2. Efficiency and cost savings – Mediation is a cost-effective alternative to litigation and usually less costly than the collaborative model. For example, coordinating the calendars of at least four people—you, your spouse, and both of your attorneys—can be time-consuming and costly. Also, at least two actively participating attorneys can increase legal fees considerably.
3. Civility – Civility is a critical part of the mediation process. Mediation depends on spouses agreeing with the support of the mediator. Mediation guides and is predicated on the principle that each party remain civil and respectful during the divorce process so that each party can have his or her voice heard respectfully.
4. Privacy and confidentiality – Mediation allows you and your spouse or partner to have more privacy during the divorce process. There aren’t any court rooms, court personnel or other attorneys or litigants watching your every move. During mediation, your conversations are private, and you and your spouse can discuss your conflicts openly without concern for privacy or confidentiality.
5. Lawyers – Most mediation situations do not require parties to get their own separate legal counsel for consultation or review of agreements prepared, but that is always an option at any time during the process. Mediation is specifically designed to help people work through conflicts without a judge or time consuming and costly legal proceedings. Not only are our mediators at New York Divorce Mediation Group trained divorce mediators, but they are also licensed attorneys.
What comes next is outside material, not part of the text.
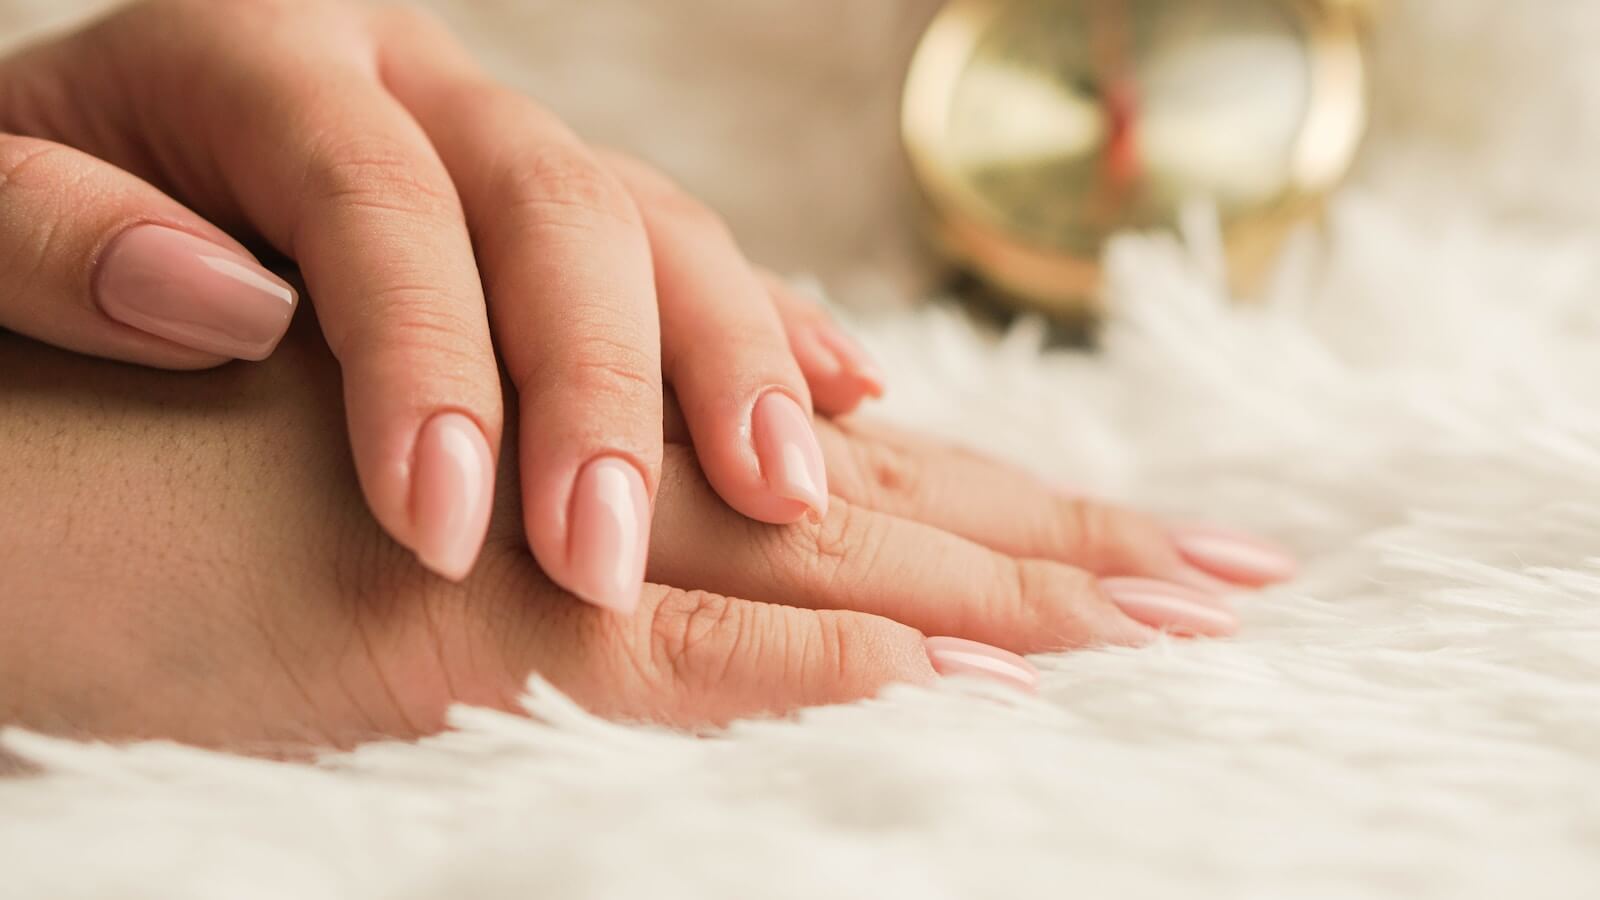 A woman's manicured hands

How Our New York Divorce Mediators Can Help
Mediators act as neutral third parties who creates a safe space for effective, open dialogue between spouses or partners during a separation or divorce. Divorce is often an emotional process for everyone involved, but mediation can help the process proceed with more ease and calm.
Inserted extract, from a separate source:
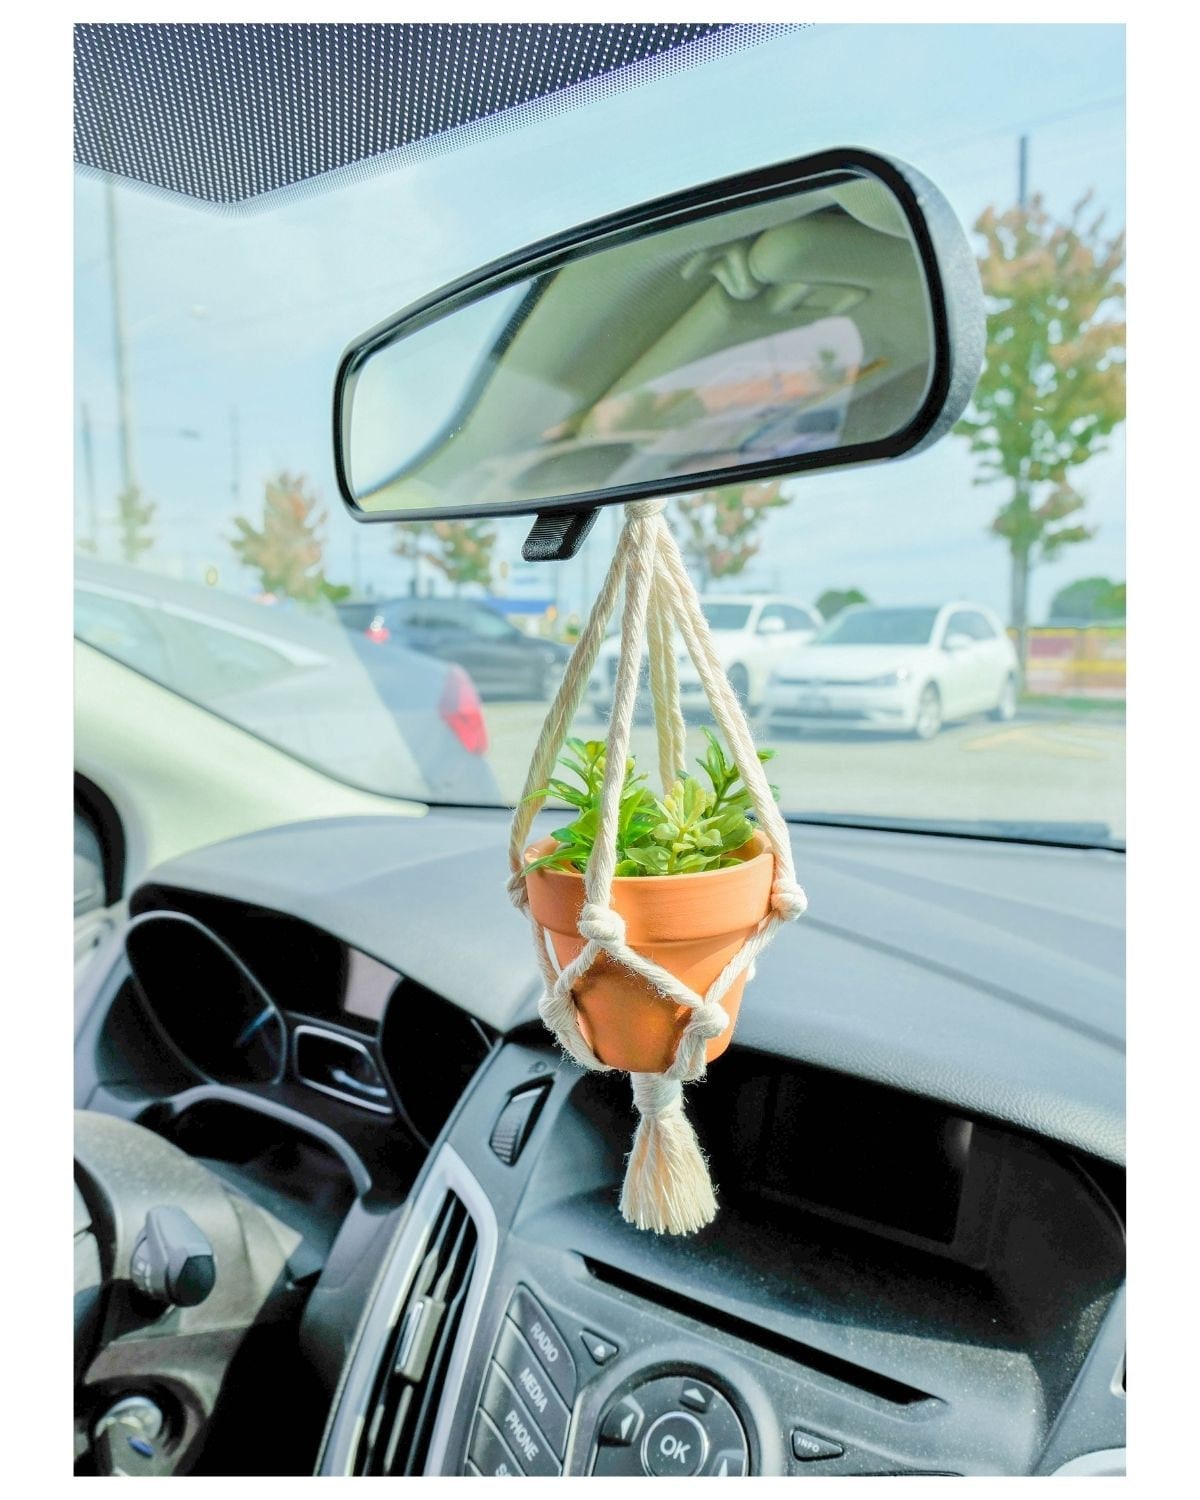 Buy Rear View Mirror Accessories, Car Plant Hanger, Hanging

Our team at New York Divorce Mediation Group has extensive experience in divorce law, family law, and counseling. Mediators at NYDMG are sensitive, empathetic, and understanding, and we are always prepared to help you resolve any issues regarding your legal separation or divorce in a calm, safe environment. Some of the issues we help resolve include:
Whatever legal issue your family may be facing, our mediators at New York Divorce Mediation Group can help you find a solution that is agreeable for you and your spouse or partner.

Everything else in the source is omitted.